Note that the cargo must be shipped in the order given, so using a ship of capacity 14 and splitting the packages into parts like (2, 3, 4, 5), (1, 6, 7), (8), (9), (10) is not allowed. 

初看这道题目时可能意识不到可以用Binary Search来做,因为我们很可能会下意识地把weights作为搜索空间,然后无功而返。实际上我们需要搜索的目标是,从诸多可行的capacity中,找到取值最小的那一个。我们可以挖掘出题目中蕴含的单调性——如果运载量为m时可以在D天之内运完所有货物,那么任何比m更大的运载量一定也能顺利运完。接下来我们需要确定搜索空间,capacity至少应该为max(weights),否则传送带无法搭载重量最大的那份货物,capacity至多只需要sum(weights),此时我们可以在一天之内就运送完所有货物。

我们需要写一个帮助函数feasible,任意输入一个capacity,判断以这个运载量能否顺利完成运货,这个函数以greedy的方式来放置货物,如果当前这个货物放到传送带上后总重量不超过运载量,那么就放置这个货物;否则就把已经放置到传送带上的货物都运走,然后在新一天把这个货物放到传送带上。如果需要的总天数小于等于D天,函数便返回True,否则返回False。我们搜索的最终结果,便是满足feasible(k) == True的最小k值。

现在我们可以照搬之前的模板了。这一解法的时间复杂度是O(nlog\ S),其中n = len(weights), S = sum(weights)

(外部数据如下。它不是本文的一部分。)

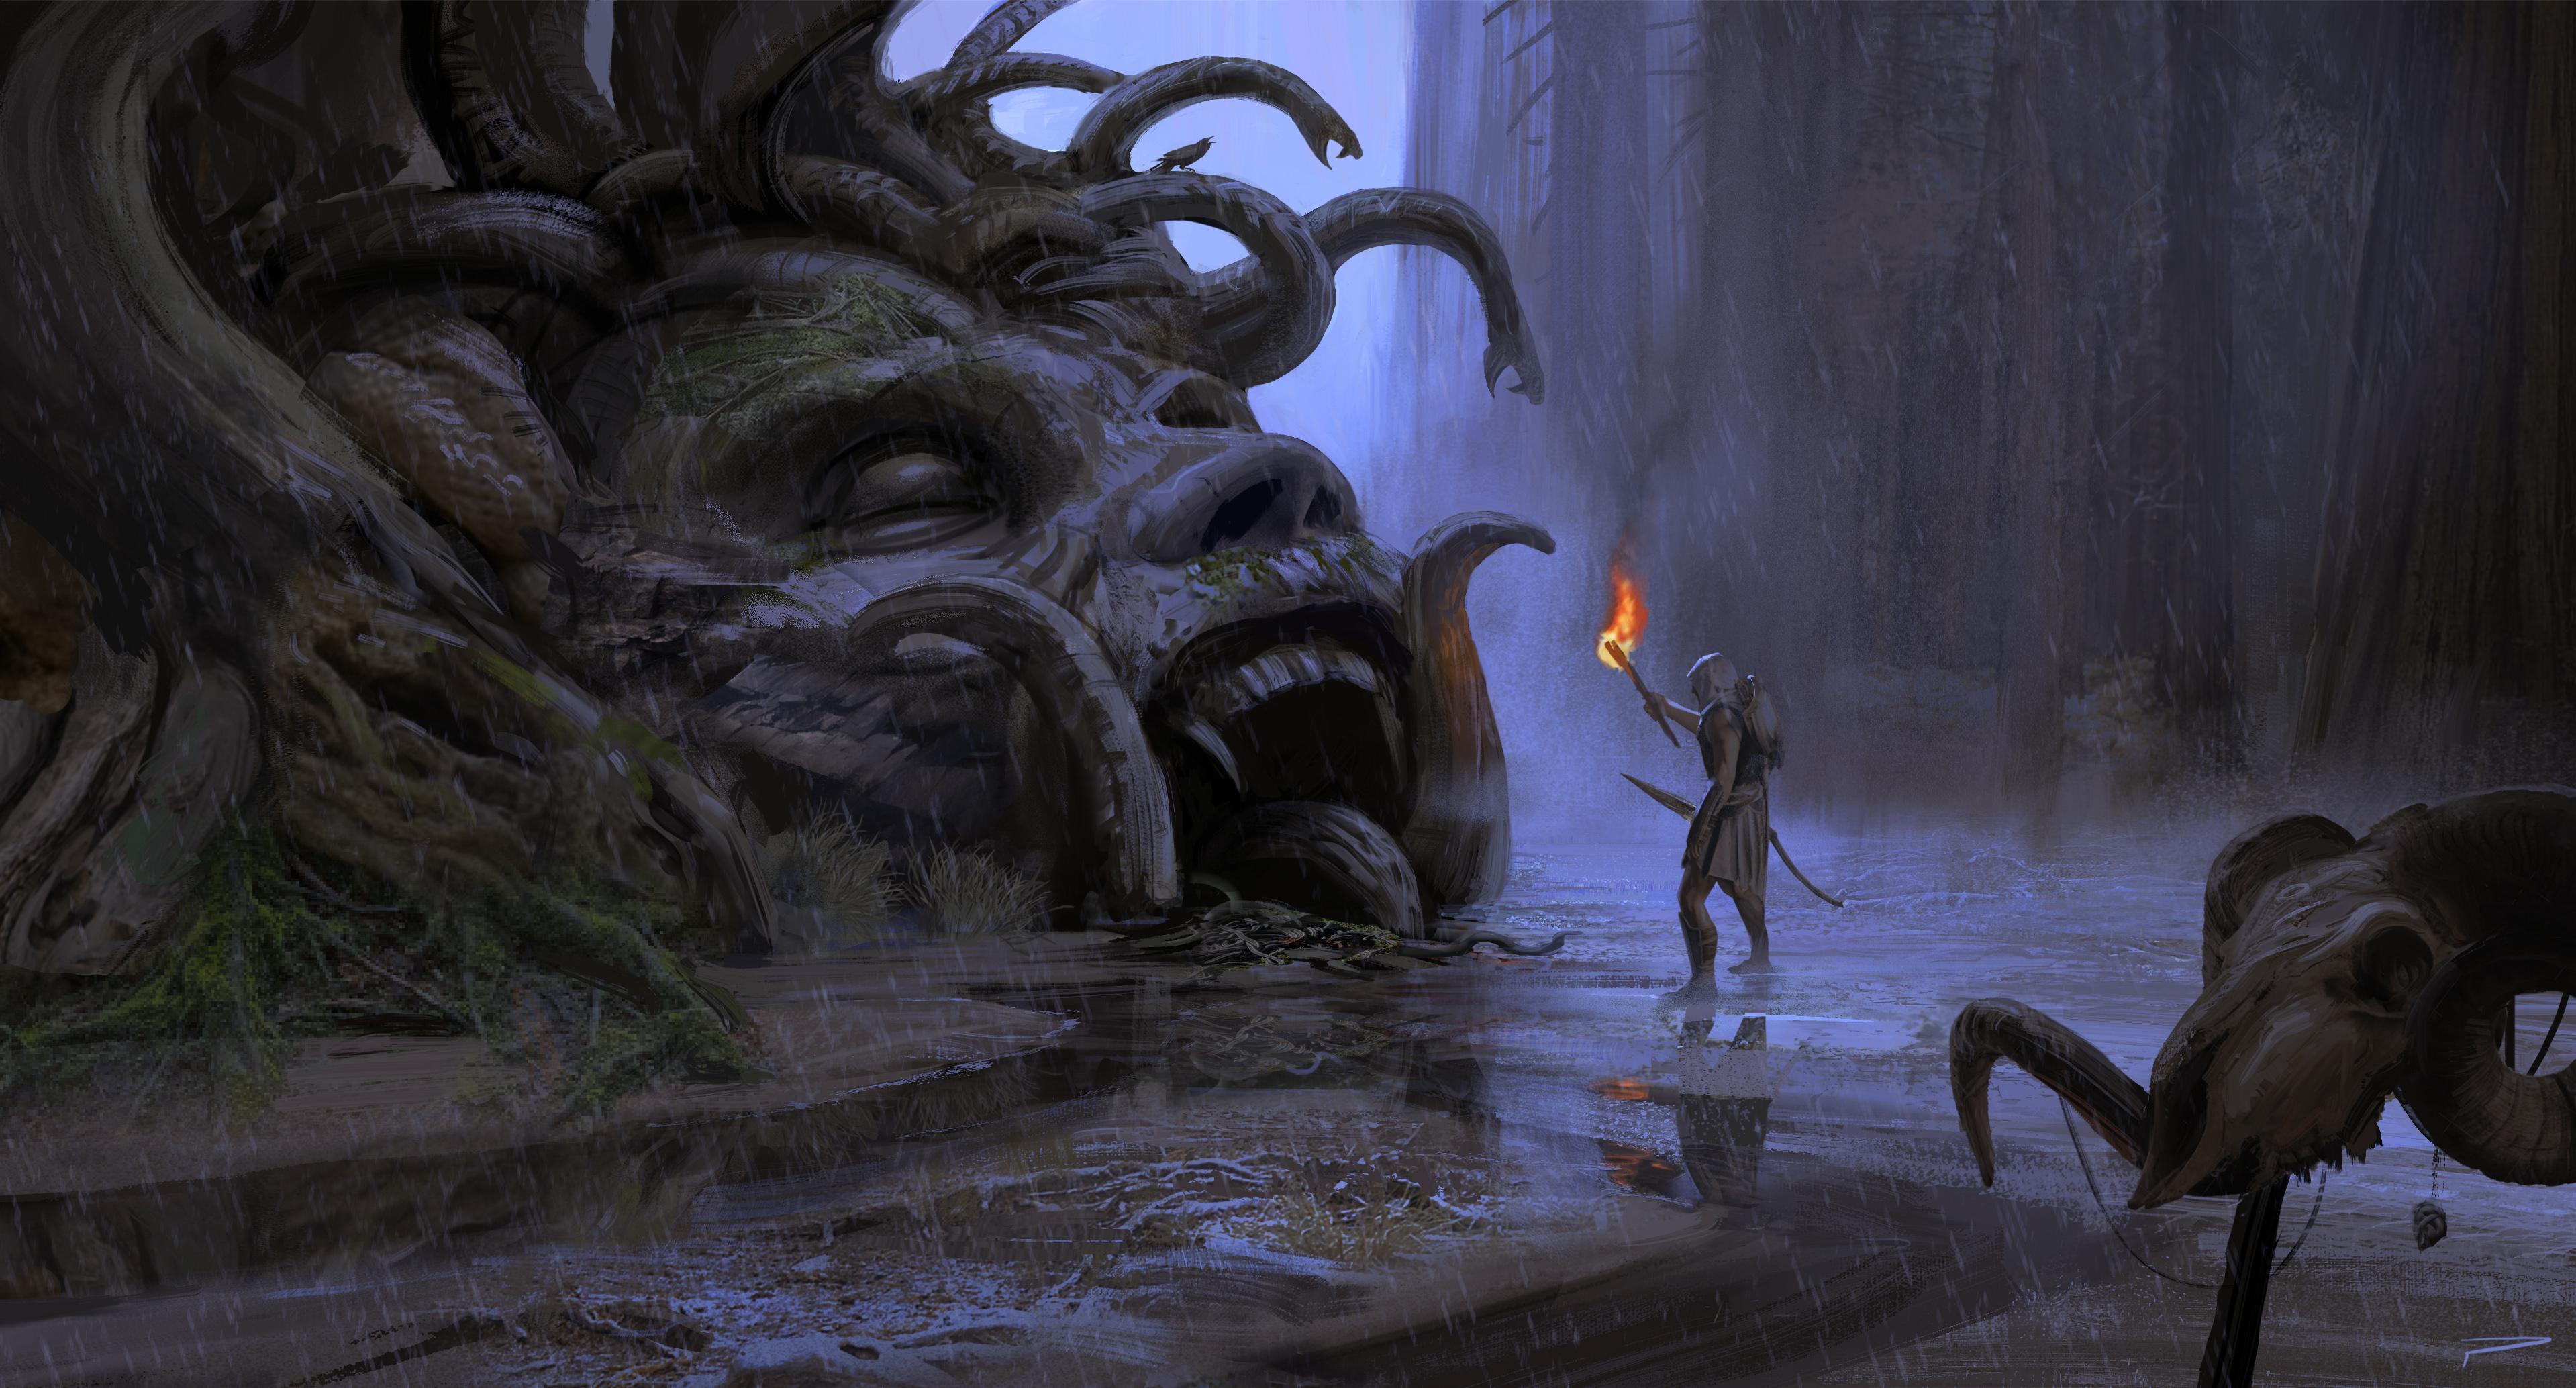 Cyclopean Head of Medusa

def shipWithinDays(weights: List[int], D: int) -> int:
    def feasible(capacity) -> bool:
        days = 1
        total = 0
        for weight in weights:
            total += weight
            if total > capacity:  # 以Greedy的方式来放置货物,如果超过最大运载量,便顺延到下一天
                total = weight
                days += 1
                if days > D:  # 不能在D天之内运完货物,返回False
                    return False
        return True

    left, right = max(weights), sum(weights)
    while left < right:
        mid = left + (right - left) // 2
        if feasible(mid):
            right = mid
        else:
            left = mid + 1
    return left

410. Split Array Largest Sum [Hard]

Given an array which consists of non-negative integers and an integer m, you can split the array into m non-empty continuous subarrays. Write an algorithm to minimize the largest sum among these m subarrays.

Example:

Input:
nums = [7,2,5,10,8]
m = 2

Output:
18

Explanation:
There are four ways to split nums into two subarrays. The best way is to split it into [7,2,5] and [10,8], where the largest sum among the two subarrays is only 18.

仔细观察后便能发现这道题和1011题之间的相似之处。类似地,我们可以写一个帮助函数feasible,输入一个threshold,判断能否将原数组划分为m个子数组,使得每个子数组之和都小于等于threshold。同样地,我们可以发掘出题目的单调性:如果feasible(m) == True,那么所有大于m的输入都能满足feasbile。于是我们照搬模板来解决本题,可以看到,这道题目的代码和题目1011是完全相同的:

def splitArray(nums: List[int], m: int) -> int:        
    def feasible(threshold) -> bool:
        count = 1
        total = 0
        for num in nums:
            total += num
            if total > threshold:
                total = num
                count += 1
                if count > m:
                    return False
        return True

    left, right = max(nums), sum(nums)
    while left < right:
        mid = left + (right - left) // 2
        if feasible(mid):
            right = mid     
        else:
            left = mid + 1
    return left

和题目1011不同之处在于,我们可能会有这样的疑惑——虽然这个解法返回的变量left确实是满足feasible条件的最小值,但是怎么能证明「原数组可以通过某种划分方式拆分成m个子数组,其中最大的子数组之和正好就等于left」呢?或者换一个表达方式,我们知道,将原数组拆分之后,最大子数组之和必定落入闭区间[max(nums), sum(nums)]中,这个闭区间便是我们的搜索空间,这个区间很大,也许对于区间里的某些取值,无论我们如何拆分原数组,都无法得到等于这些取值的子数组之和。也就是说,搜索空间和划分原数组产生的子数组之和,这二者并不是一一对应的。例如nums = [7,2,5,10,8], m = 2,我们可以得到不同划分方式下的最大子数组之和:25:[[7], [2,5,10,8]], 23:[[7,2], [5,10,8]], 18:[[7,2,5], [10,8]], 24:[[7,2,5,10], [8]] , 只有这4个取值,而搜索空间却是[10, 32],此空间中绝大多数的取值都与原数组的子数组之和对应不上。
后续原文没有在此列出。